Rapid advancements in Micro-Electro-Mechanical Systems (MEMS), and wireless communications, have resulted in a surge in data generation. Mobility data is one of the various forms of data, which are ubiquitously collected by different location sensing devices. Extensive knowledge about the behavior of humans and wildlife is buried in raw mobility data. This knowledge can be used for realizing numerous viable applications ranging from wildlife movement analysis, to various location-based recommendation systems, urban planning, and disaster relief.
With respect to what mentioned above, in this thesis, we mainly focus on providing data analytics for understanding the behavior and interaction of mobile entities (humans and animals). To this end, the main research question to be addressed is:
How can behaviors and interactions of mobile entities be determined from mobility data acquired by (mobile) wireless sensor nodes in an accurate and efficient manner?
To answer the above-mentioned question, both application requirements and technological constraints need to be considered. On the one hand, applications requirements call for accurate data analytics to uncover hidden information about individual behavior and social interaction of mobile entities, and to deal with the uncertainties in mobility data. Technological constraints, on the other hand, require these data analytics to be efficient in terms of their energy consumption and to have low memory footprint, and processing complexity.

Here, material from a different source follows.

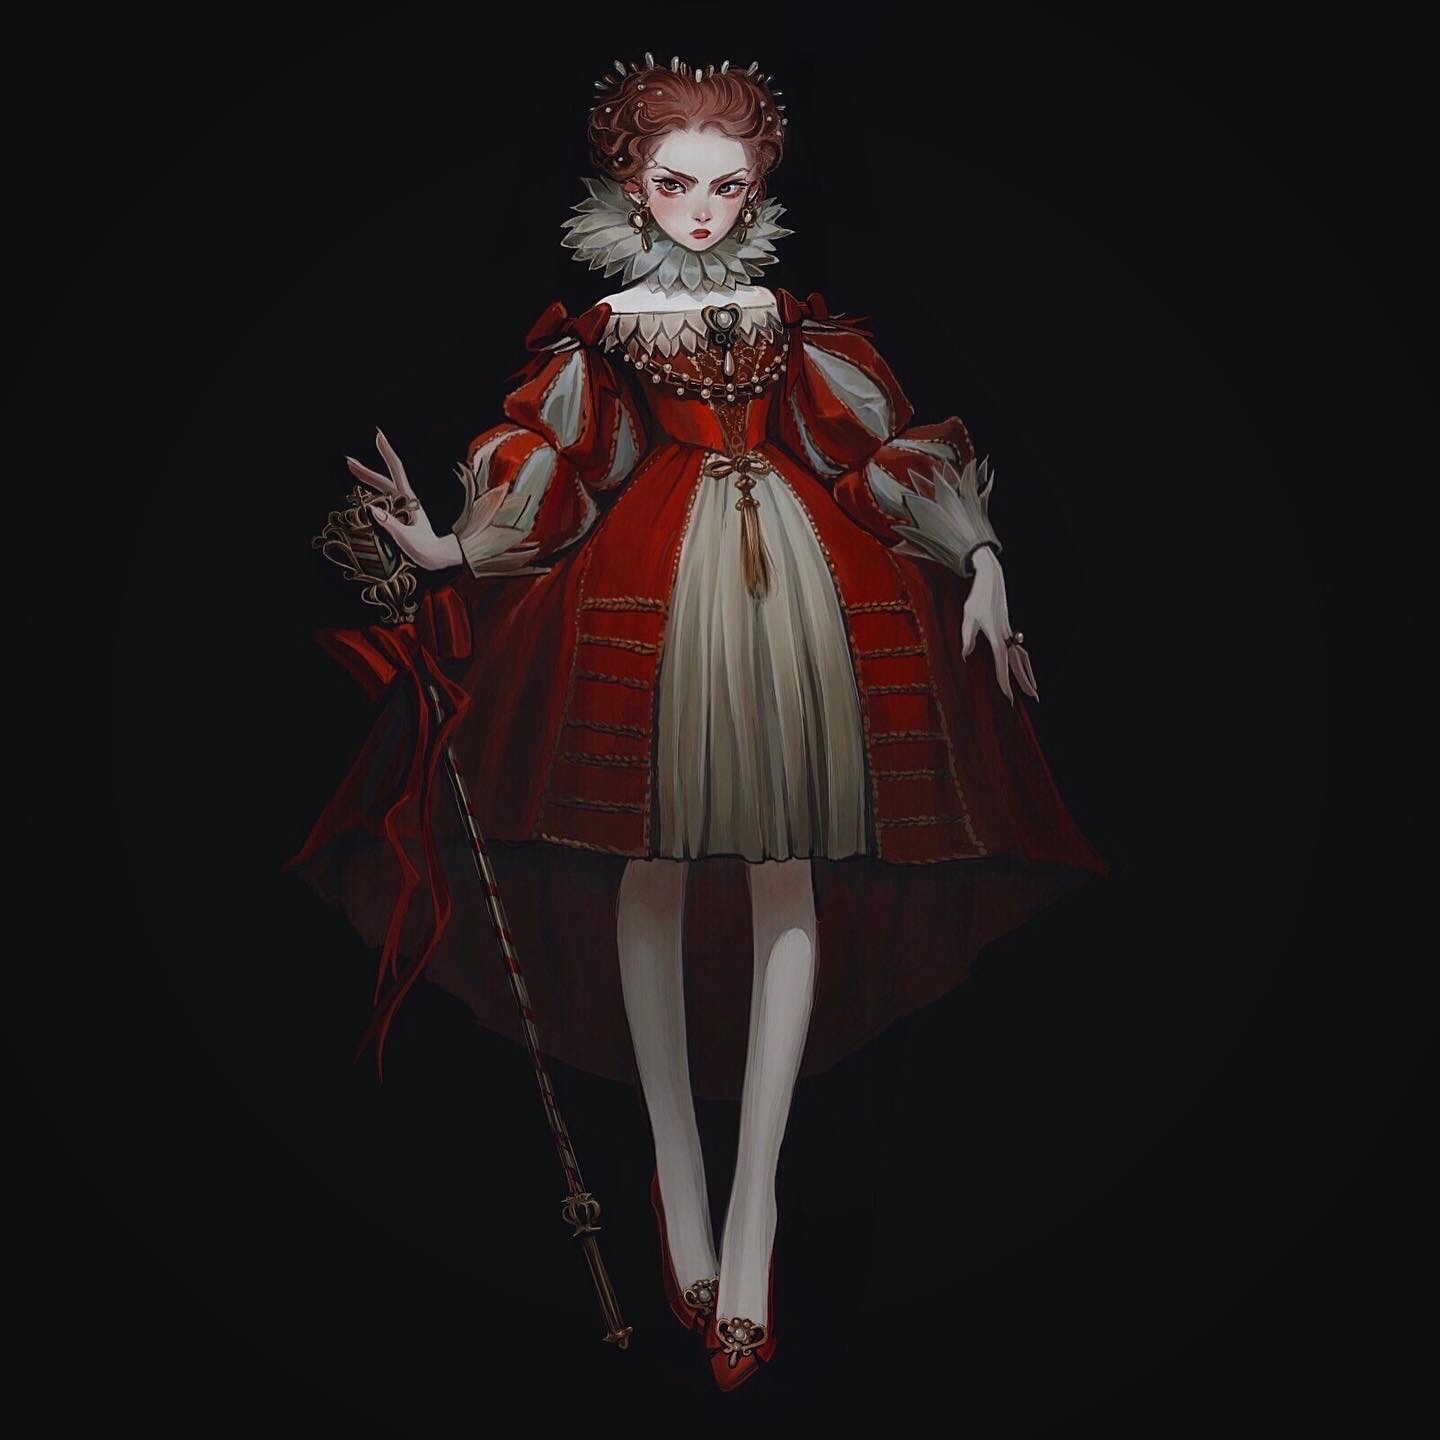 ArtStation - The countess

The contributions of this thesis are:
• Mining periodic behavior from mobility data: Periodic behaviors are prevalent for both humans and wildlife. We propose a technique for identifying periodic behaviors and extracting periodic patterns from streaming mobility data.

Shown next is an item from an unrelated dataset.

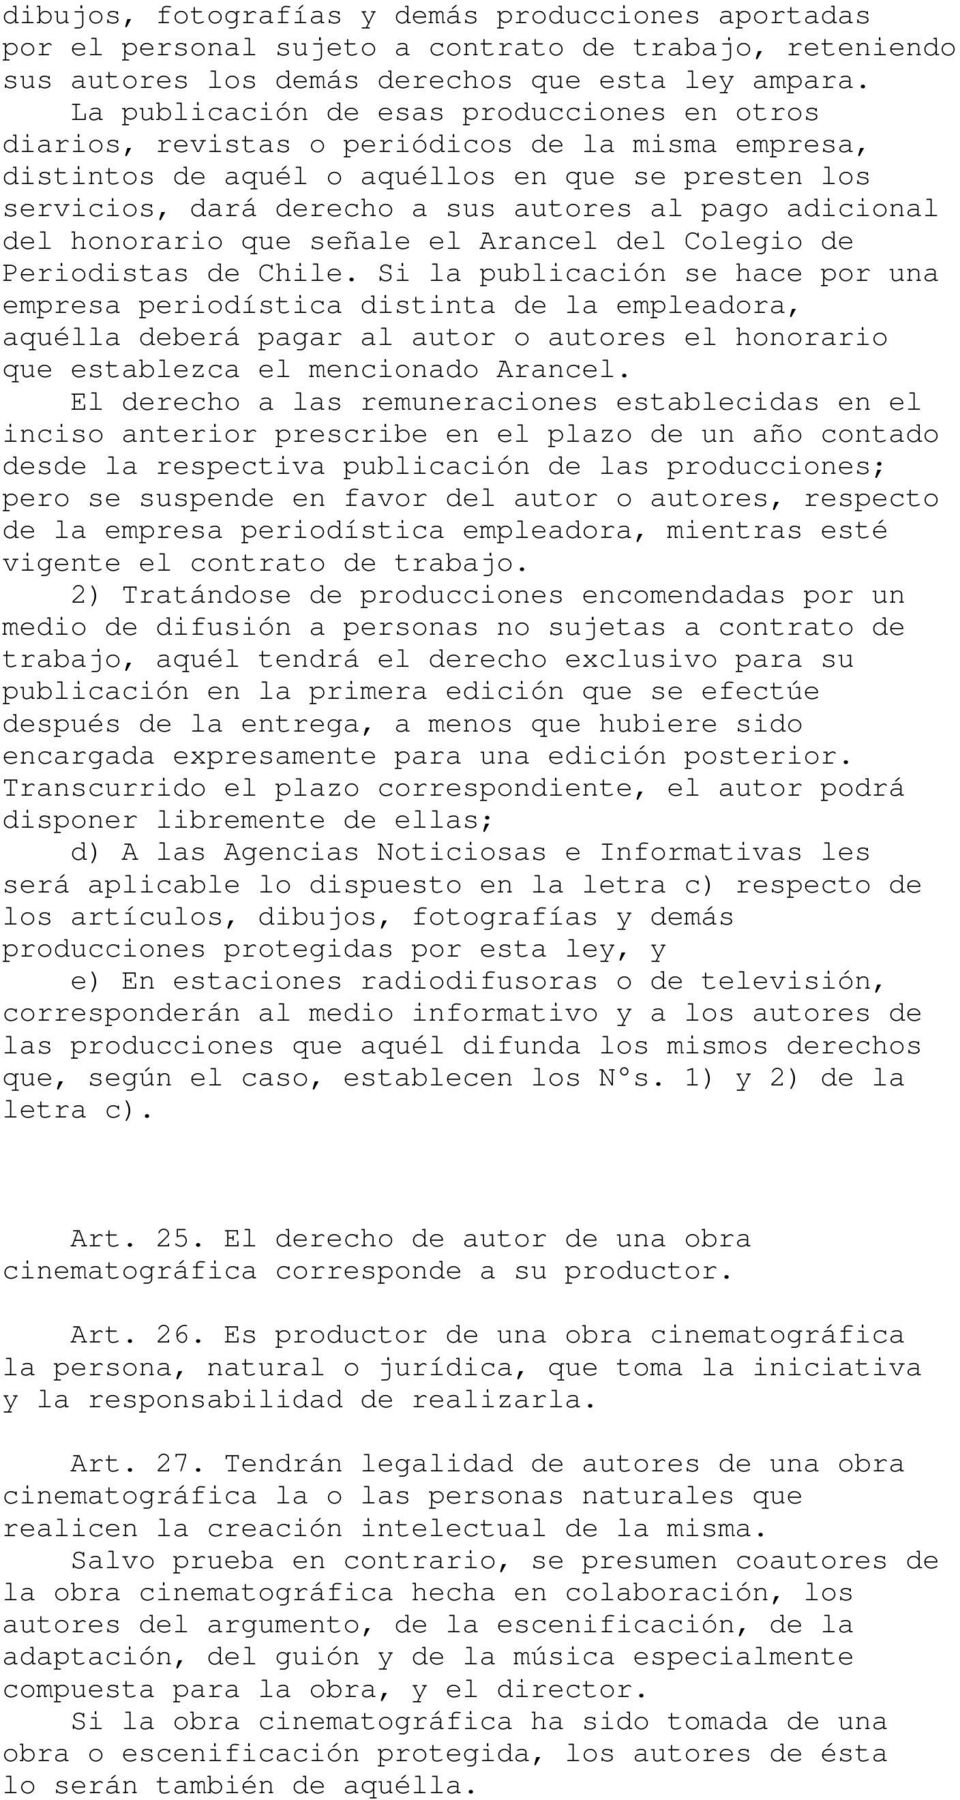 adicional del honorario que señale el Arancel del Colegio de Periodistas de Chile.

• Modeling mobility data: A general movement model can be used to identify frequent patterns in the mobility data using the higher-level semantic they represent. We model trajectories both deterministically and probabilistically to relate them to the paths and stay-points they represent. Our deterministic approach uses collective knowledge of trajectories (on the move) to relate trajectories to the path taken by the mobile entities. Our probabilistic approach, models trajectories (on stay points and on the move) using state-space modeling techniques.
• Mining social ties only from mobility data: We study the possibility of extracting social context from mobility data. For this purpose, we propose two information theoretic indicators to measure the correlation between visits to different places based on the purpose of visit.
• Model-based trajectory compression and adaptive sampling: We propose two techniques to use the patterns discovered by trajectory modeling to reduce data redundancy and uncertainty. Thereby, we increase the lifetime of the location acquisition devices. Our first technique is a light, online, model-based trajectory compression algorithm for decreasing the number of transmitted samples. Our second approach is a model based adaptive sampling algorithm, which increases the lifetime of the location acquisition devices by reducing both the number of samples acquired and transmitted.
Techniques developed in the thesis were evaluated using five different mobility datasets collected from both wildlife and humans. These datasets are: i) small-scale dataset collected by a wireless sensor node carried by people, ii) small-scale dataset collected from capricorns, iii) large-scale Geolife dataset from Microsoft research, iv) large-scale Mobile Data Challenge dataset from Nokia, and v) a synthetic dataset produced with a movement test sequence generator.

Item Type:PhD Thesis
Supervisors:Havinga, P.J.M. and Skidmore, A.K.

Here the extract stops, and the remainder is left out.